» **What the task requires**: The data should be written out in full, exactly as it stands, and the pictures dropped.

» **Data below**:
************
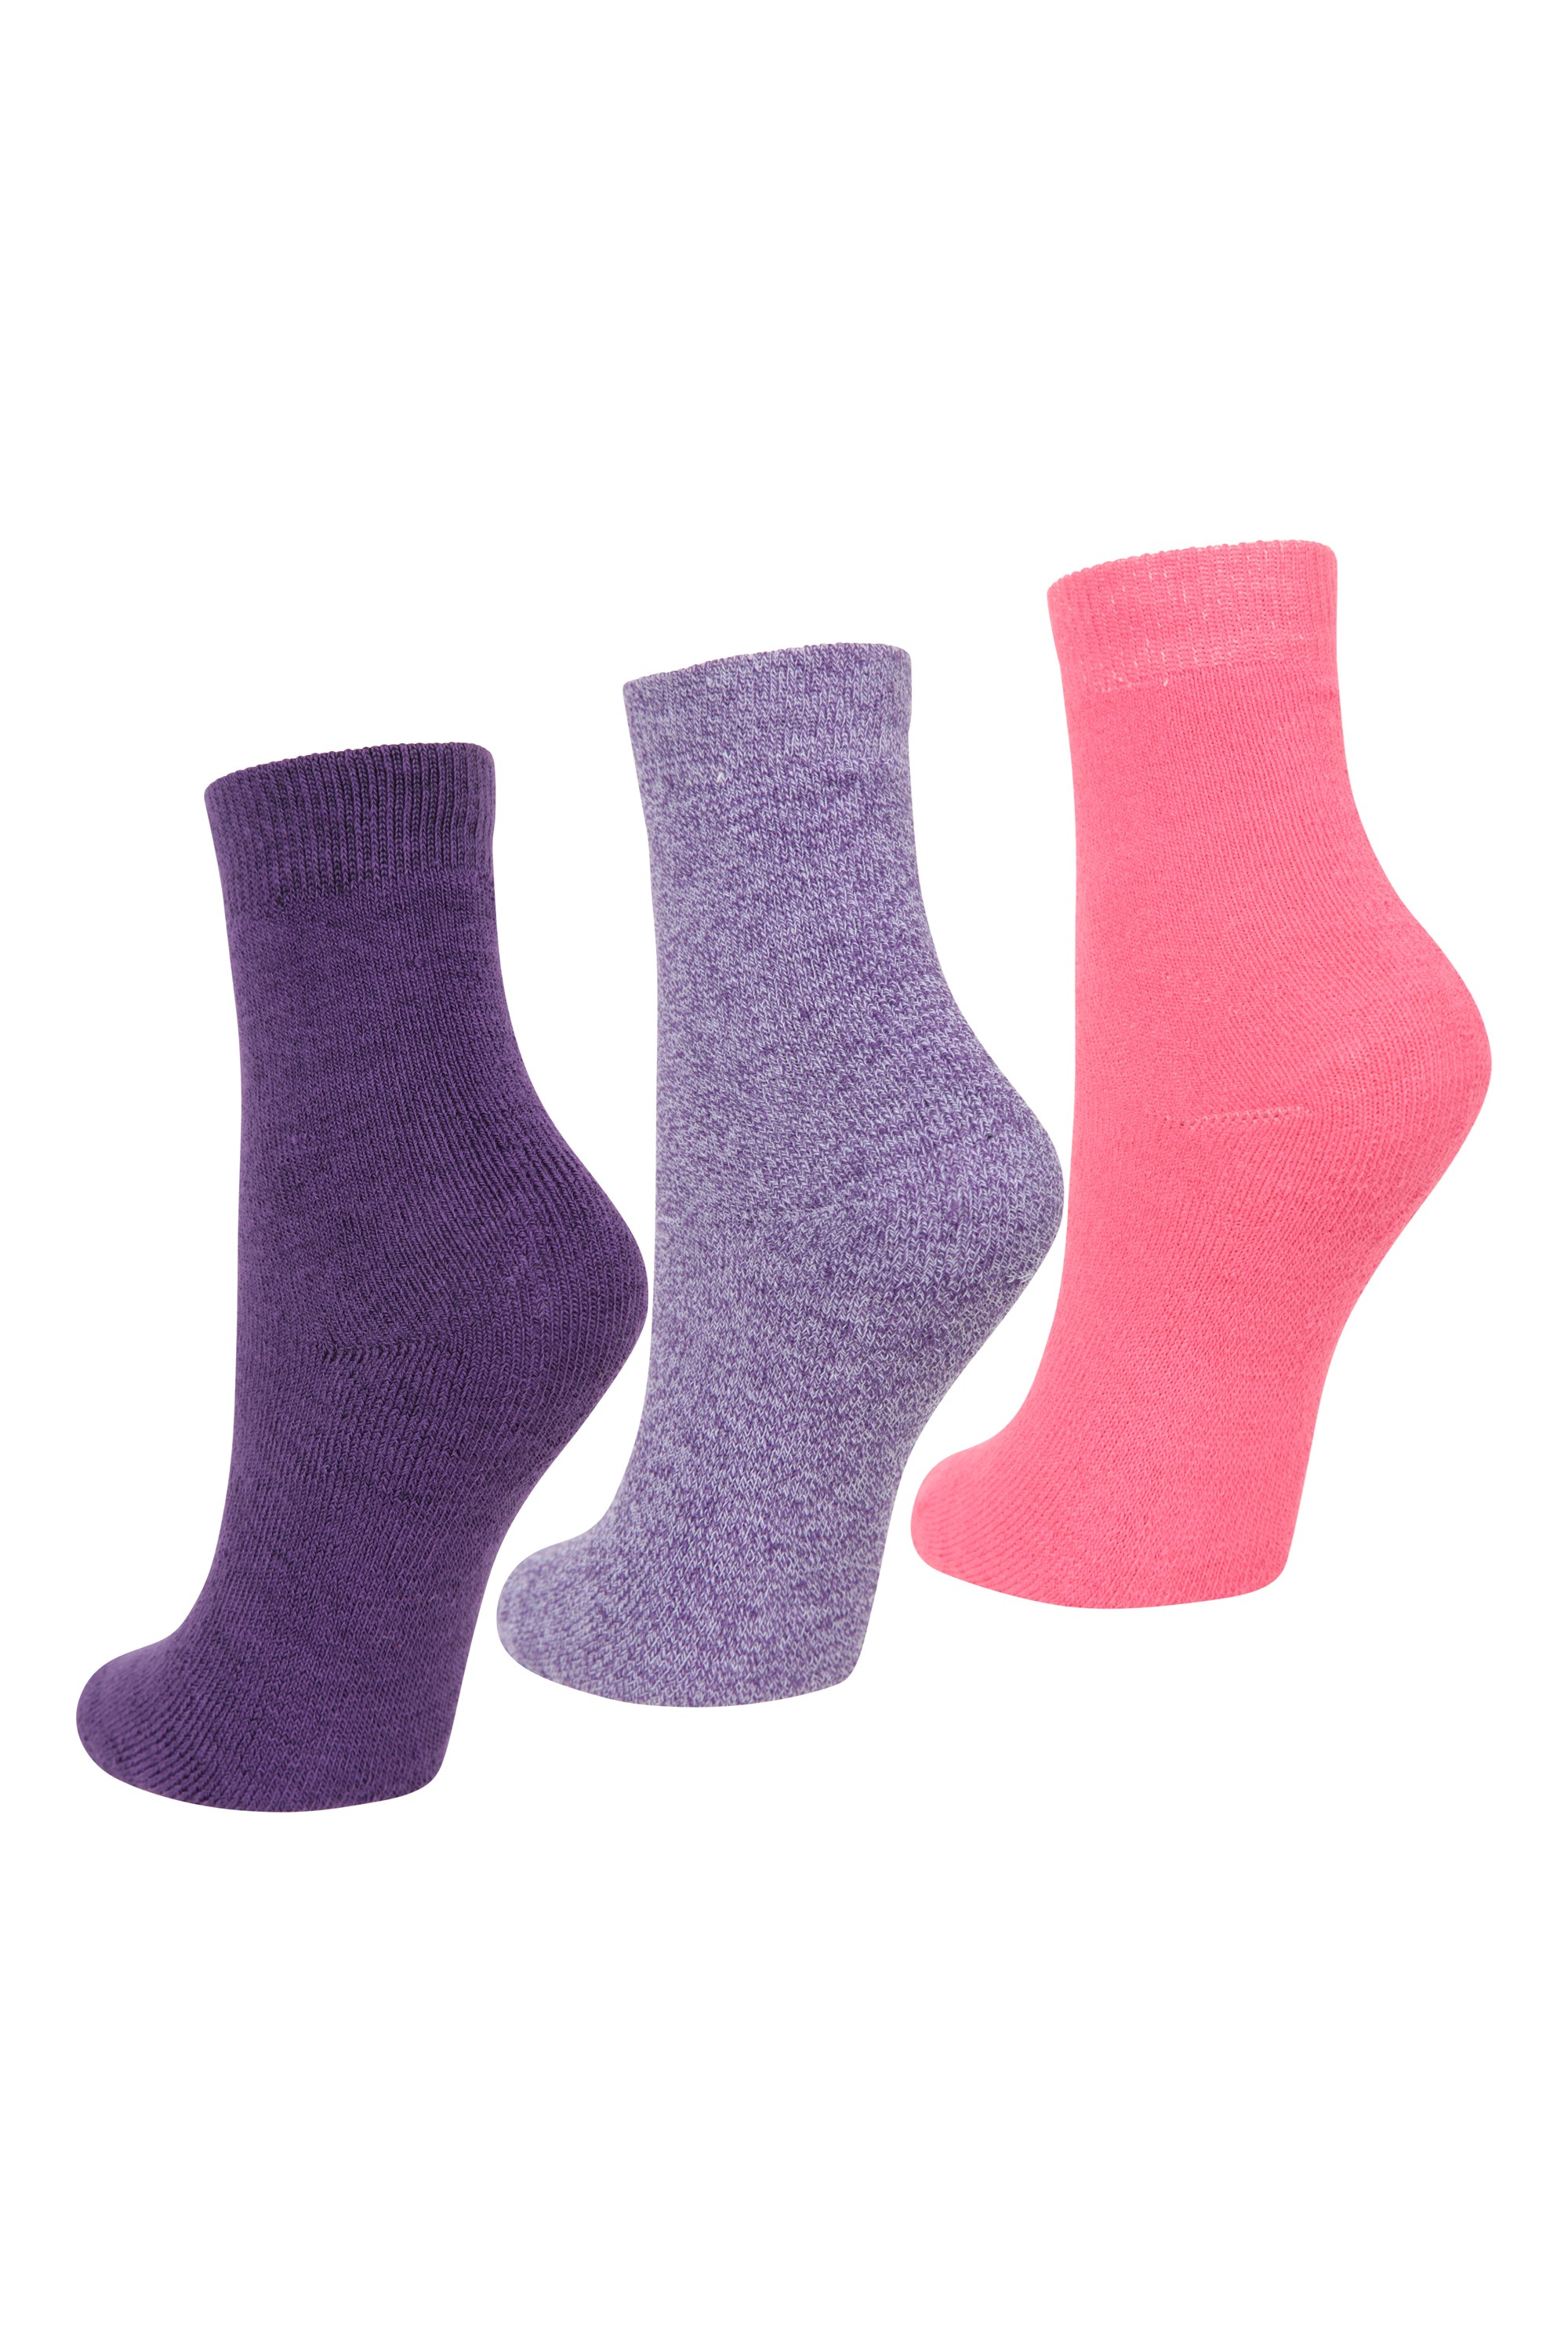 Woolly Wonders Kid's Socks – BlissBounce Socks
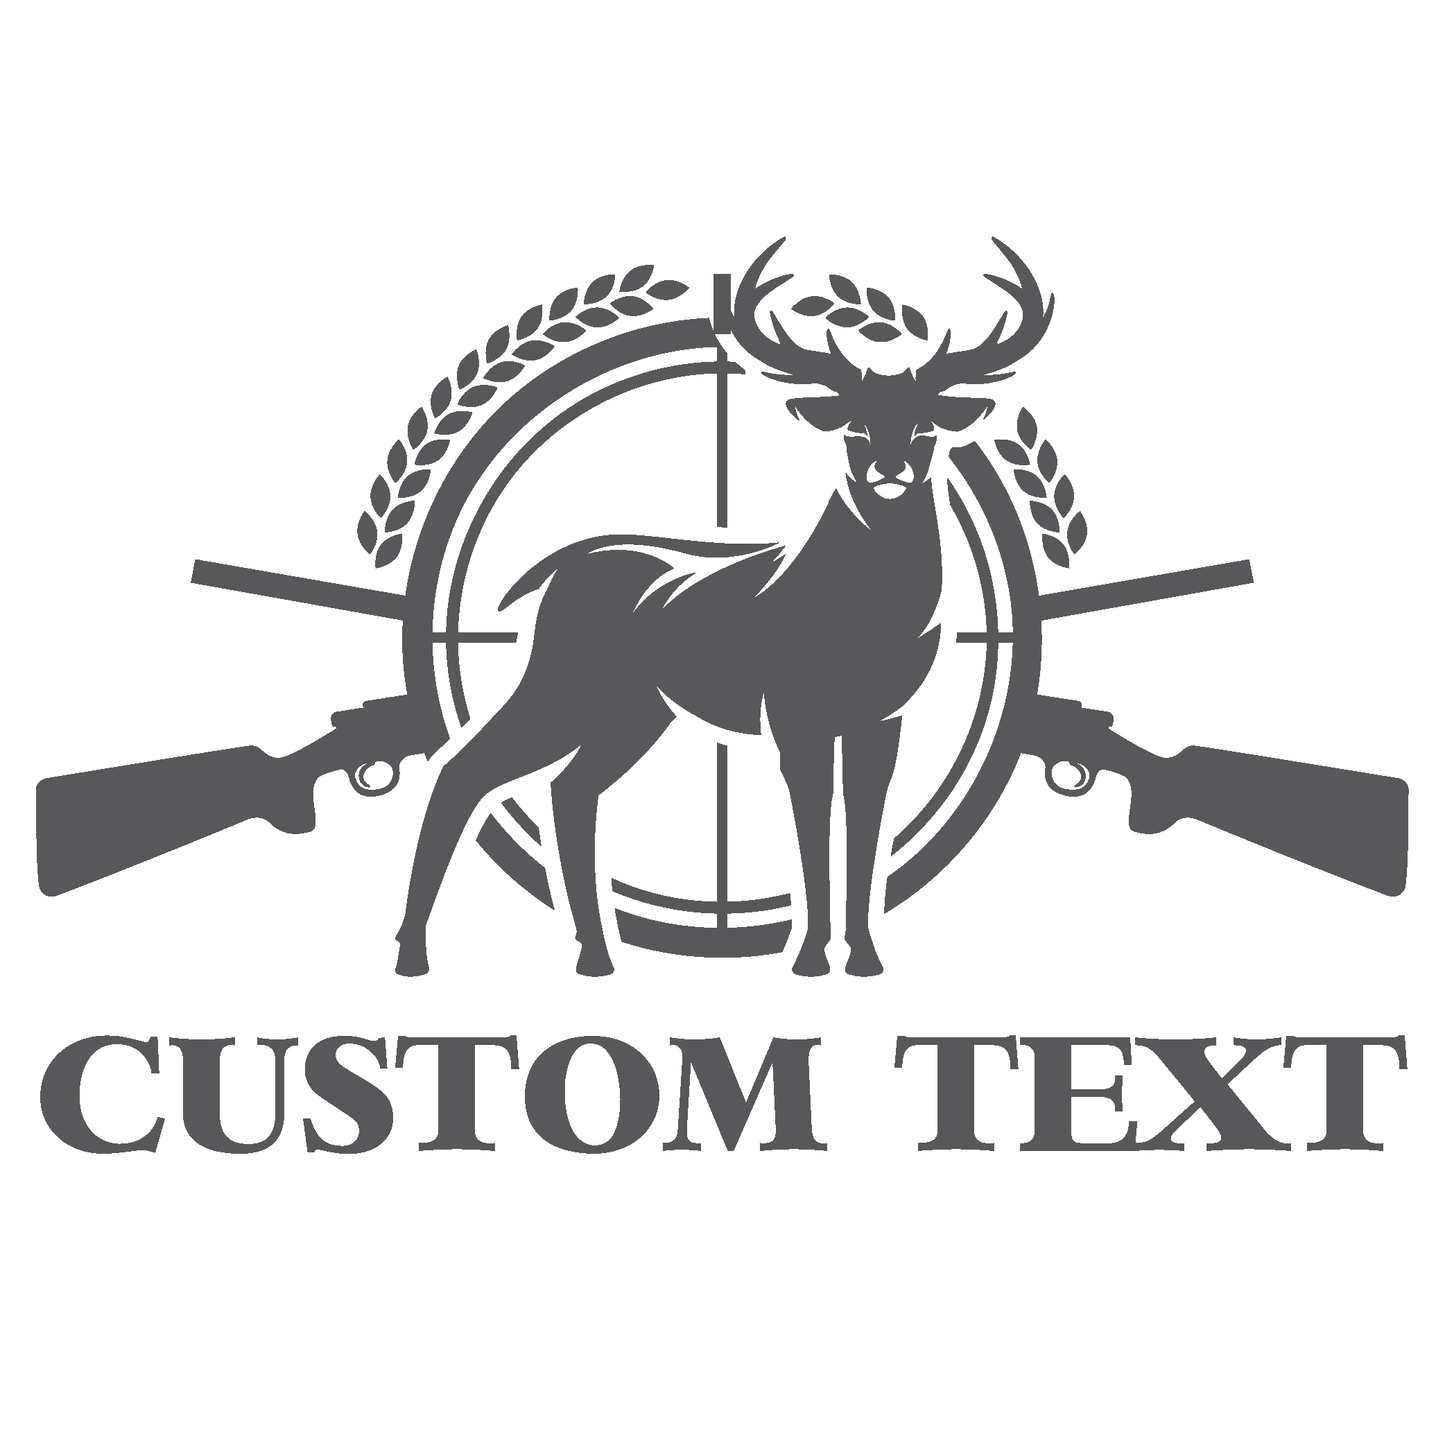 ShopVinylDesignStore.com Buck with Guns Add Your Custom Text Style 002 custom text 1 line Shop Vinyl Design decals stickers
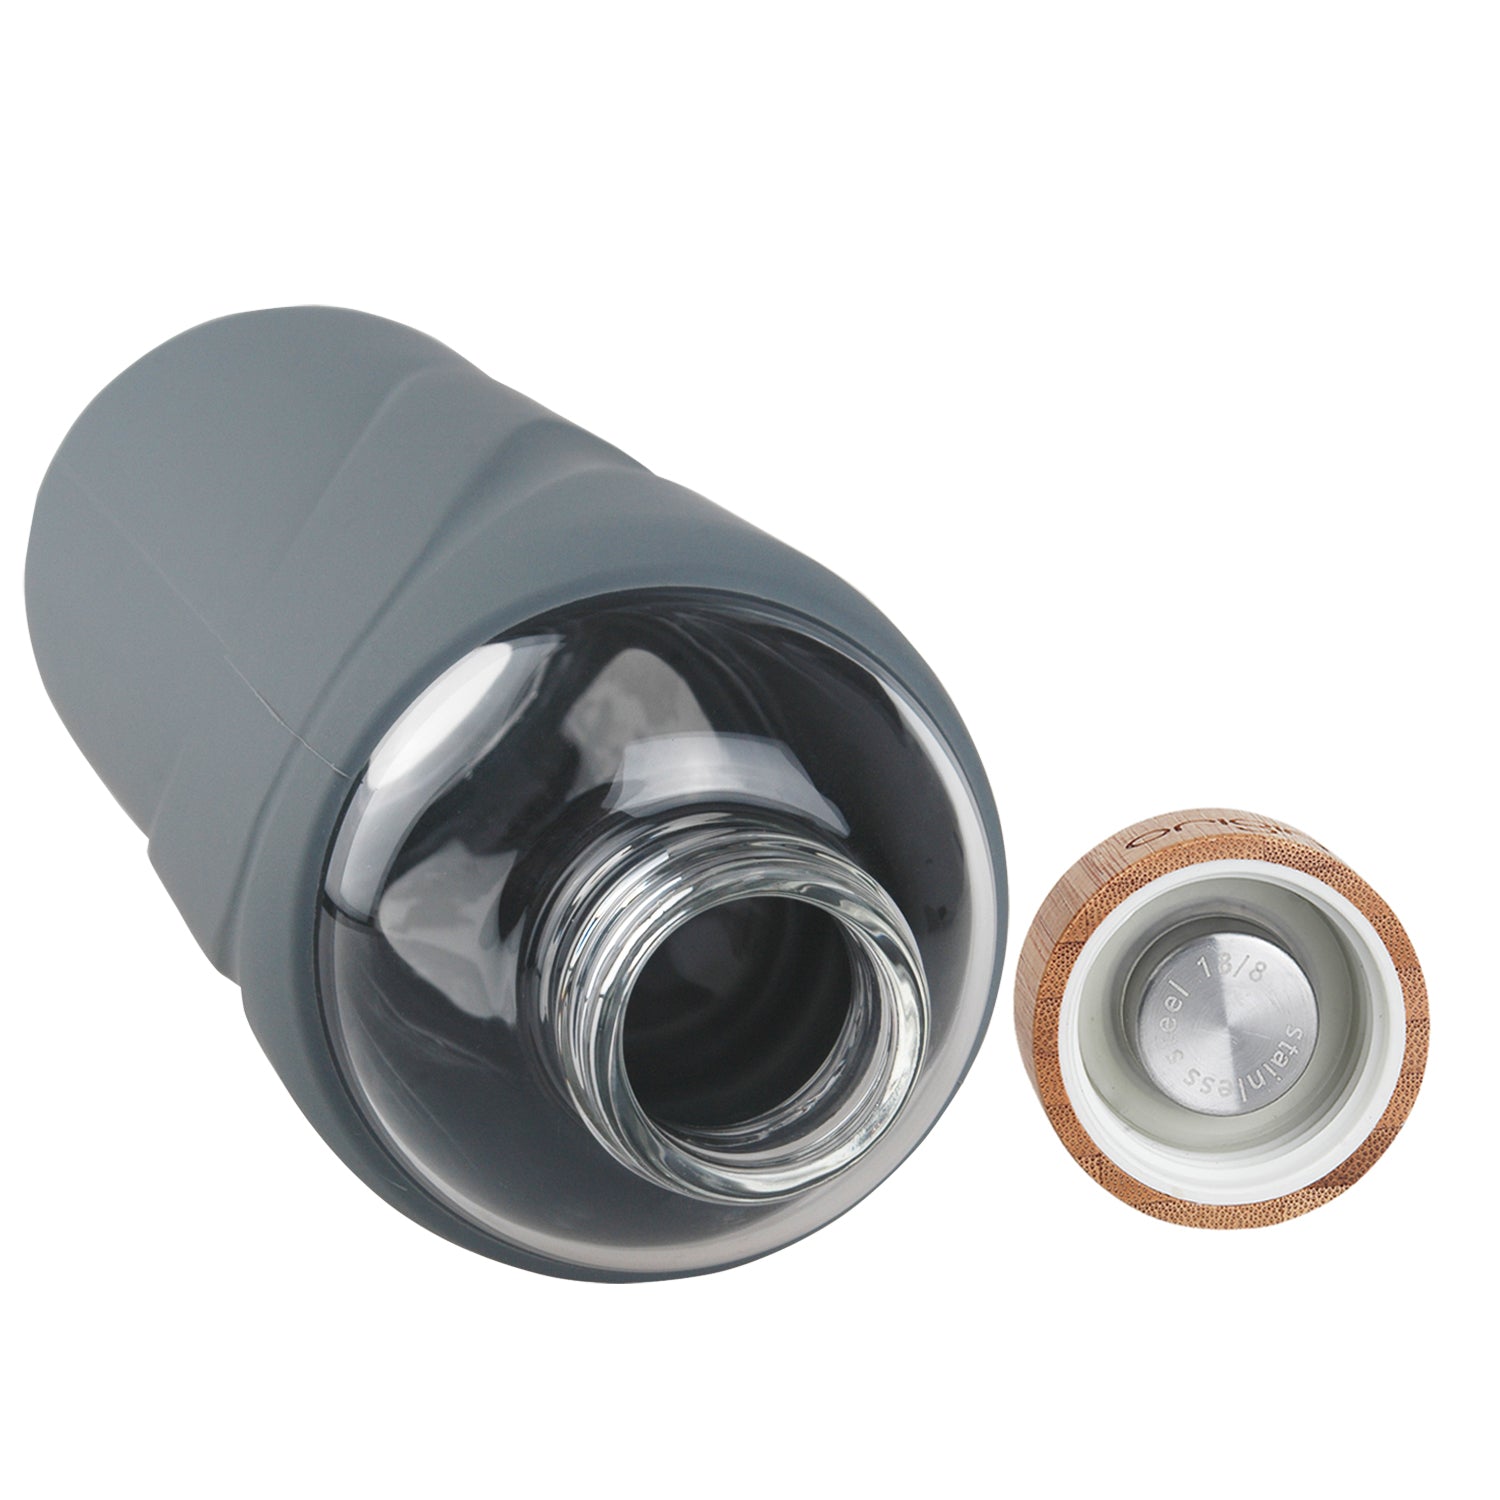 Silicone Reusable Heat Resistant Nonslip Glass Bottle Sleeve 6cm Dia - Gray  - 2.4 x 2.3(D*H) - Bed Bath & Beyond - 28769546
************
» **Exercise result**:
 Woolly Wonders Kid's Socks – BlissBounce Socks
 ShopVinylDesignStore.com Buck with Guns Add Your Custom Text Style 002 custom text 1 line Shop Vinyl Design decals stickers
 Silicone Reusable Heat Resistant Nonslip Glass Bottle Sleeve 6cm Dia - Gray  - 2.4 x 2.3(D*H) - Bed Bath & Beyond - 28769546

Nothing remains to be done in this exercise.